To put to rest the water worries of residents, Rodgers has proposed an exchange of 23 acres of land with neighbor Willard Wyman who lives on the other side of the hill. Planting on Wyman’s acreage would redirect drainage out of the Woodham Creek watershed, La Honda’s main water source.

“We’d like to see the land swap,” said David Ehrhardt of Cuesta La Honda Guild, “but there’s still the distinct possibility that there’s a hydrological connection between the water that underlies the Woodham watershed and the water on the other side of the hill. It could actually deplete the supply of water that flows to Woodham.”

“What is the applicant required to do to make up for the lack of water that we might experience?” he asked. “We tend to feel that the fact that it’s kind of a hobby project balanced against the water needs of an entire community needs to be closely considered.”

But Geitner, a 35-year Northern California grape-grower, said that it is in the producers’ best interest not to pollute, erode or suck the wells dry. He insists that concerned parties examine the impact report before jumping to any hasty conclusions.

“All we want is to be evaluated on the facts,” he said. “There are a lot of fears and concerns, but if you look at the Environmental Impact Report, what’s being used is dispassionate science in illuminating the facts.”

Despite the EIR, La Honda residents want to ensure no detail goes overlooked.

“The consensus is that the EIR is inadequate in terms of how it assesses Clos de la Tech and also the cumulative effects of the zoning text amendment,” McLeod said. “It immediately opens the door for wineries. Large wineries at high altitudes could have a big impact in the watersheds.”

“I think a lot of people would not want to see this area become the next Napa or Sonoma,” La Honda resident David Shorr said.

Geitner said that supporting a winery in San Mateo County is far more difficult than supporting one in Napa or Sonoma.

“The acreage in San Mateo County doesn’t exist (to support several large wineries),” he explained. “And the cost is exorbitant. Mark my words, it won’t happen. Just because you build a winery doesn’t mean that someone down the road has to.

“It doesn’t open the door wide open, that isn’t how it works,” he said.

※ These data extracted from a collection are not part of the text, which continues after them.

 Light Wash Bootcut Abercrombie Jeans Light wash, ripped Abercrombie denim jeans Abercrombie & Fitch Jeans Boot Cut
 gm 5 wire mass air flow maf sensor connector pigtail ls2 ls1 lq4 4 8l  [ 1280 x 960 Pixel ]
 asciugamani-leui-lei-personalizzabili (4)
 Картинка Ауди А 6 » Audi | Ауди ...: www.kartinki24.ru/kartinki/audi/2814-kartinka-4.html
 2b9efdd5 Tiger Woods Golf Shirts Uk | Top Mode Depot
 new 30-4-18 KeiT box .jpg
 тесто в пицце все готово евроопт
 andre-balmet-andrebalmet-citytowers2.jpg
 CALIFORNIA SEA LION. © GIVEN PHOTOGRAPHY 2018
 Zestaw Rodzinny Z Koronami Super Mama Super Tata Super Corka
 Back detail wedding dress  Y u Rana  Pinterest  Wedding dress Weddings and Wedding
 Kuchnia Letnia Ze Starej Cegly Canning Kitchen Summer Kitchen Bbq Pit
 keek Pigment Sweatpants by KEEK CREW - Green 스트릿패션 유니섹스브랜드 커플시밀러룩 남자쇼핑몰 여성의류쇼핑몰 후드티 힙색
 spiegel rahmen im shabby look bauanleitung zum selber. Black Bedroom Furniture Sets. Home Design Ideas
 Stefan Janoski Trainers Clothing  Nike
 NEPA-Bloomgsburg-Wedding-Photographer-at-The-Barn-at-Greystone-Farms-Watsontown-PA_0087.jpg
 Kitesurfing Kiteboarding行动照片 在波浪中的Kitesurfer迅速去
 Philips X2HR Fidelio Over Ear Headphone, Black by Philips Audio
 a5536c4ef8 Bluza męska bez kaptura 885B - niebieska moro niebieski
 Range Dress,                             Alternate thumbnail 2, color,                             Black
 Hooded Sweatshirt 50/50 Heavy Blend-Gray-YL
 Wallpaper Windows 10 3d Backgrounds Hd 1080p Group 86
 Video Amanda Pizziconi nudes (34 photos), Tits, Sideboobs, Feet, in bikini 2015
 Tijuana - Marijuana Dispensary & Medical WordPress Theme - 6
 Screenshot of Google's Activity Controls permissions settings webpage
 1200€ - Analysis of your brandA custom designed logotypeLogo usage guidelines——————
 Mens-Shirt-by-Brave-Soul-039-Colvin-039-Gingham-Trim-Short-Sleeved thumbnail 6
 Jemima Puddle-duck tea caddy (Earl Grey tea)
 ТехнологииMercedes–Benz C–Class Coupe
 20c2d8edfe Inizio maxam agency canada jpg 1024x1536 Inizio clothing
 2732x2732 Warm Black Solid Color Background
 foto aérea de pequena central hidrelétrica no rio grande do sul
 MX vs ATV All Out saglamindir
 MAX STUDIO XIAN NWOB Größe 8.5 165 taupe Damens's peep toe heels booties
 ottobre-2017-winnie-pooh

However, that isn’t much consolation to the small-town residents or the environmentalists concerned about the scenery at stake. They assert that the winery would change the nature of the area to one that’s dominated by industry, a far cry from its historical use.

“That’s not what the intent of that area is meant for,” said Brian Schmidt, a legislative advocate for the Committee for Green Foothills. “What people want and expect in this area is natural scenery, (where) the human effect is not the dominant effect. Building a massive winery is not in the community’s interest.”

Schorr said that at the end of the day the larger issue is the county’s outdated permit processes, which fail to account for the impacts of wineries of such magnitude.

“I think it’s important to recognize that the generic, non-specific language (of current agriculture regulations) has been sufficient until now. It’s only recently that we’ve seen an influx of wealthy individuals putting grapes on hillsides and taking advantage of the fact that the exemption doesn’t have any specific language in it.”

Shorr believes the county should take a look at the standards in counties like Napa and Sonoma where agricultural ordinances pertaining to wineries and vineyards are more specific.

The period for public comment on the project ended Friday. The next Planning Commission meeting is scheduled for Sept. 24. However the commission decides to proceed, the significance of the issue to Coastsiders and the potential environmental impact and implications at stake are said to stifle the process.

“My gut instinct is that (in considering) projects of this magnitude, the Planning Commission doesn’t really make a quick decision,” said Mike Shaller, San Mateo County Building and Planning project planner. “I would be surprised if they approved or denied the permit at that first hearing.”